The Reserve Bank of Australia (RBA) has left the cash rate target unchanged at 4.35%.

According to the central bank, inflation has fallen “substantially” since the peak in 2022, as higher interest rates have been working to bring aggregate demand and supply closer towards balance.

“Measures of underlying inflation are around 3.5%, which is still some way from the 2.5% midpoint of the inflation target,” it says.

“The most recent forecasts published in the November Statement on Monetary Policy (SMP) do not see inflation returning sustainably to the midpoint of the target until 2026. The Board is gaining some confidence that inflationary pressures are declining in line with these recent forecasts, but risks remain.”

Retailers respond

The Australian Retailers Association (ARA) says the RBA’s decision is a missed opportunity to provide much-needed relief for households and businesses facing financial pressures across the festive season.

ARA Chief Industry Affairs Officer Fleur Brown says retailers continue to face the dual challenges of subdued consumer spending and rising business costs.

“Small businesses are particularly vulnerable, grappling with rising costs in all areas, and continuing to feel the squeeze from economic pressures,” she says.

“With the peak trading period now underway, where many discretionary retailers make up to two thirds of their annual profit, a rate cut would have provided retailers with renewed confidence across Christmas and the New Year.

“Retailers have been investing significantly in the Christmas season, from hiring additional staff to introducing new products and festive store displays.

“Retailers employ one in 10 Australians and as a sector, contribute 18% of our national gross domestic product (GDP). The holiday season is crucial to ensure retailers can weather the slower months ahead.

“Retailers also employ tens of thousands of casual workers over this time, providing an important source of additional income for many Australians.”

Ms Brown adds that the ARA will continue to advocate for relief measures from the federal government to support the sector.

“We urgently need action to ensure Australia’s $430 billion retail economy not only survives but thrives,” she says.

“It’s vital that retailers – both small and large – are given the confidence to continue investing in their businesses through the critical months ahead.”

Looking ahead

Taking account of recent data, the RBA says its assessment is that monetary policy remains restrictive and is working as anticipated.

“Some of the upside risks to inflation appear to have eased and while the level of aggregate demand still appears to be above the economy’s supply capacity, that gap continues to close,” it says.

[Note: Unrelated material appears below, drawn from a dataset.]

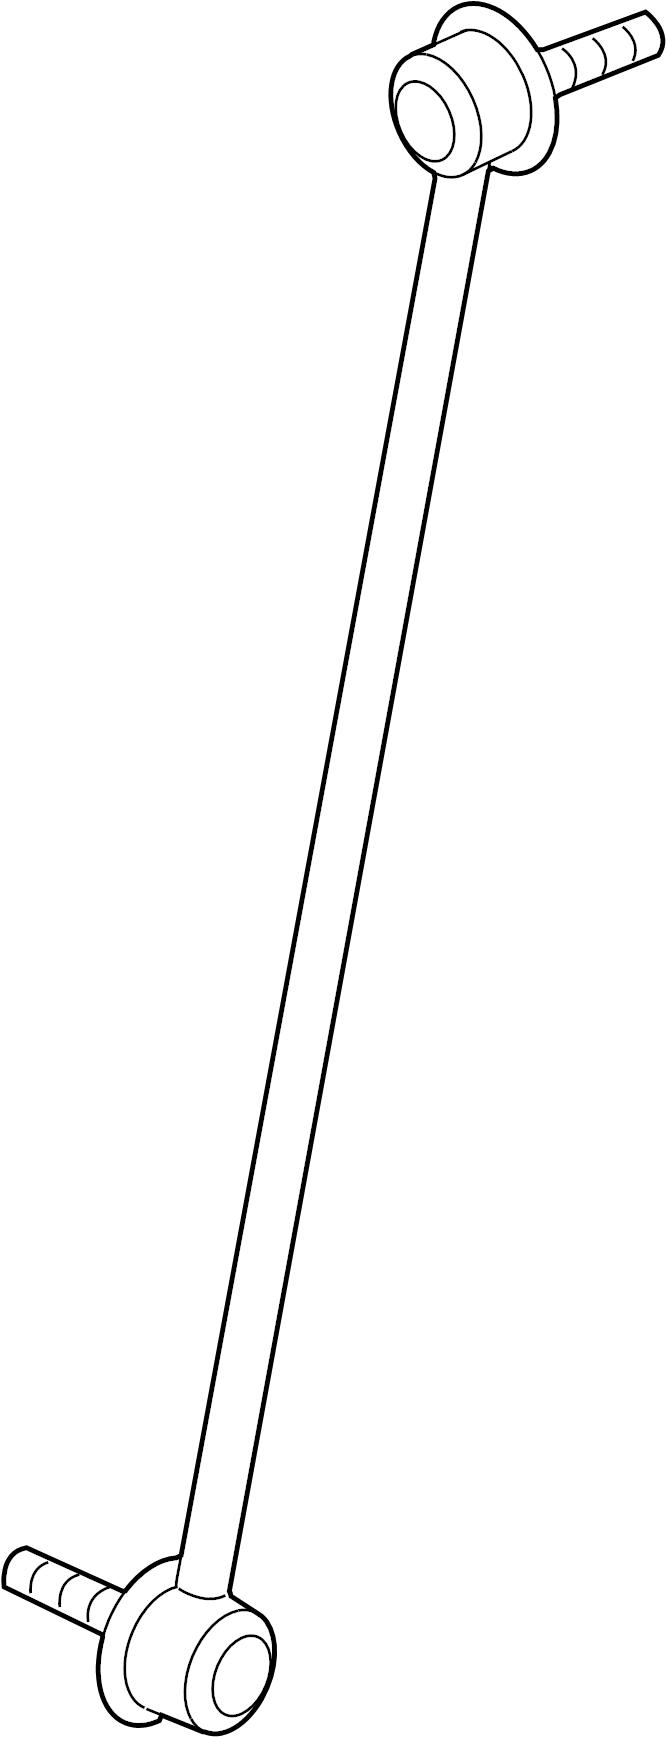 2001 audi tt roadster wiring diagram

“The central projection is for growth in household consumption to increase as income growth rises. September quarter data suggest that both incomes and consumption had recovered a little slower than forecast, but more recent information has suggested a pick-up in consumption in October and November. There is a risk that any pick-up in consumption is slower than expected, resulting in continued subdued output growth and a sharper deterioration in the labour market.

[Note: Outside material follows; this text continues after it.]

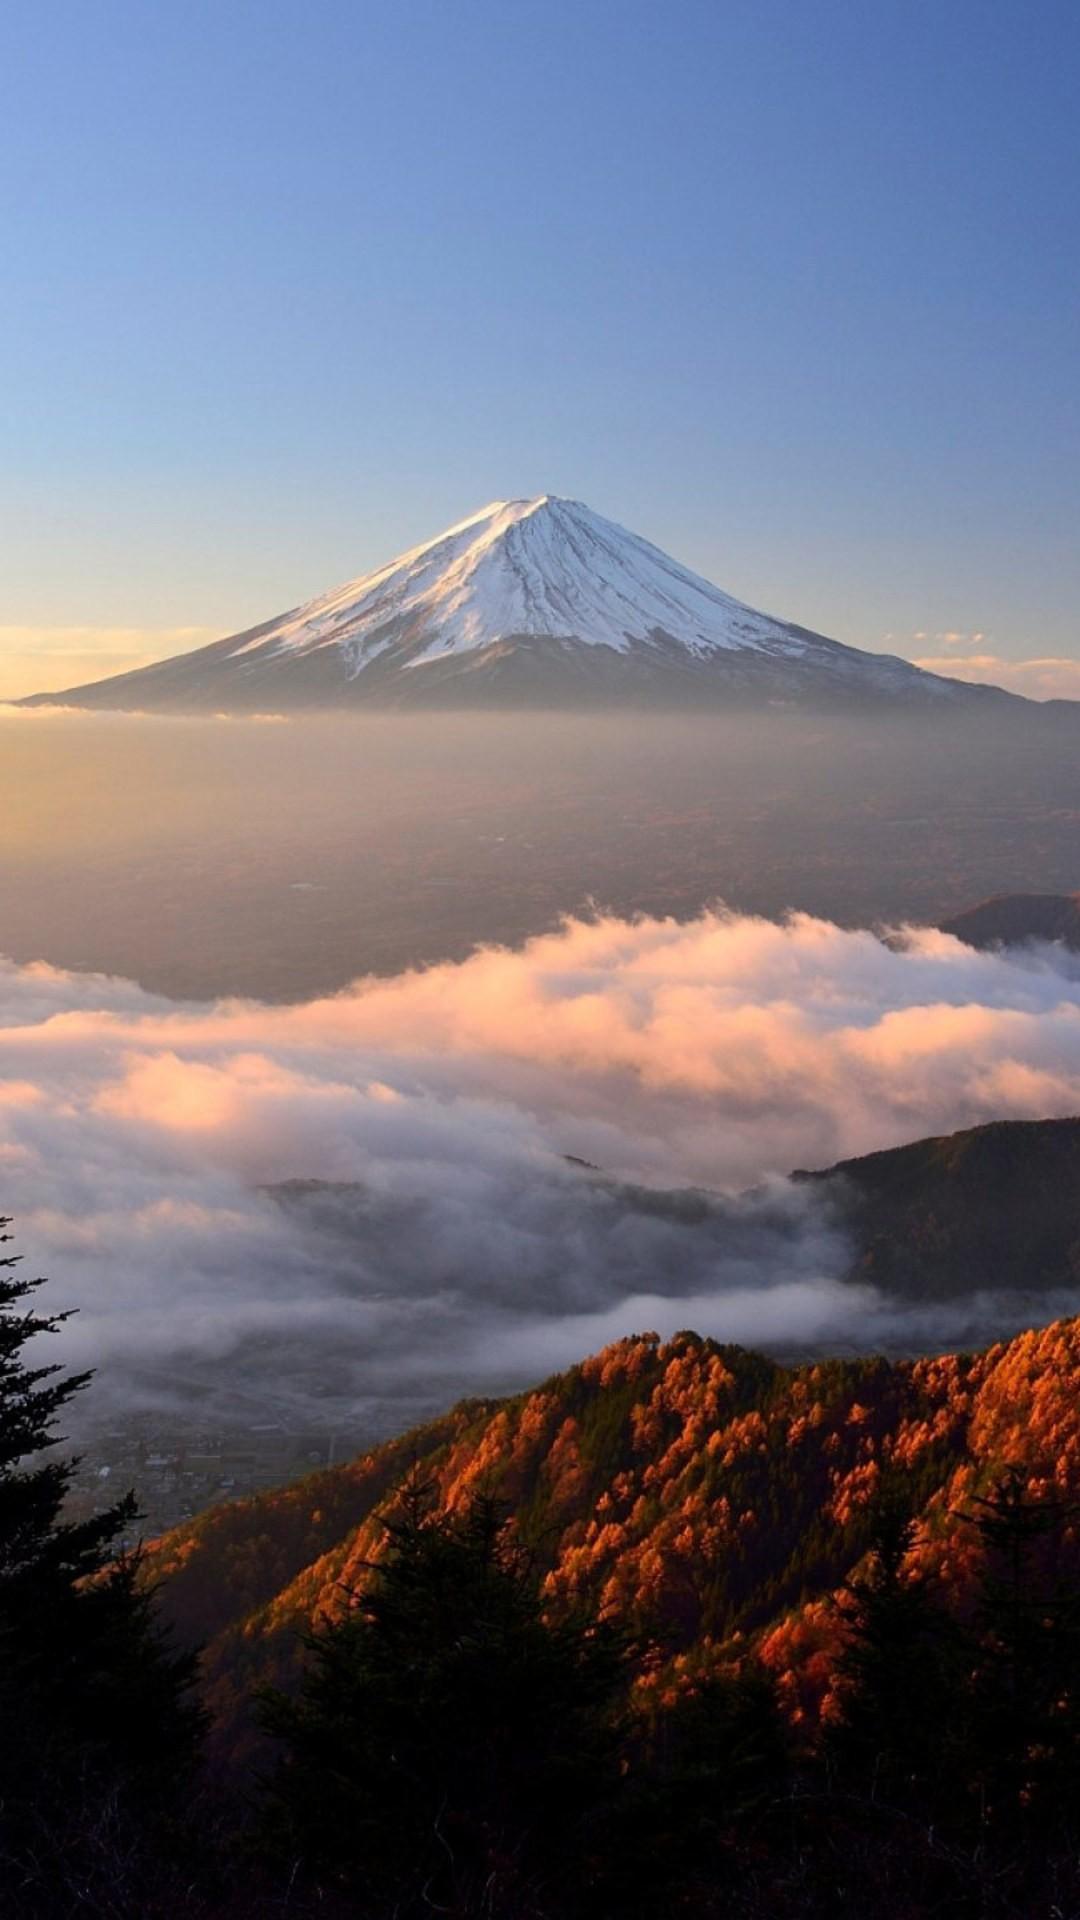 Mount Fuji Hd Qhd Wallpaper   [1080x1920] 1080x1920

“More broadly, there are uncertainties regarding the lags in the effect of monetary policy and how firms’ pricing decisions and wages will respond to the slow growth in the economy and weak productivity outcomes at a time of excess demand, and while conditions in the labour market remain tight.”

The RBA says, “sustainably returning inflation to target within a reasonable timeframe remains the Board’s highest priority”.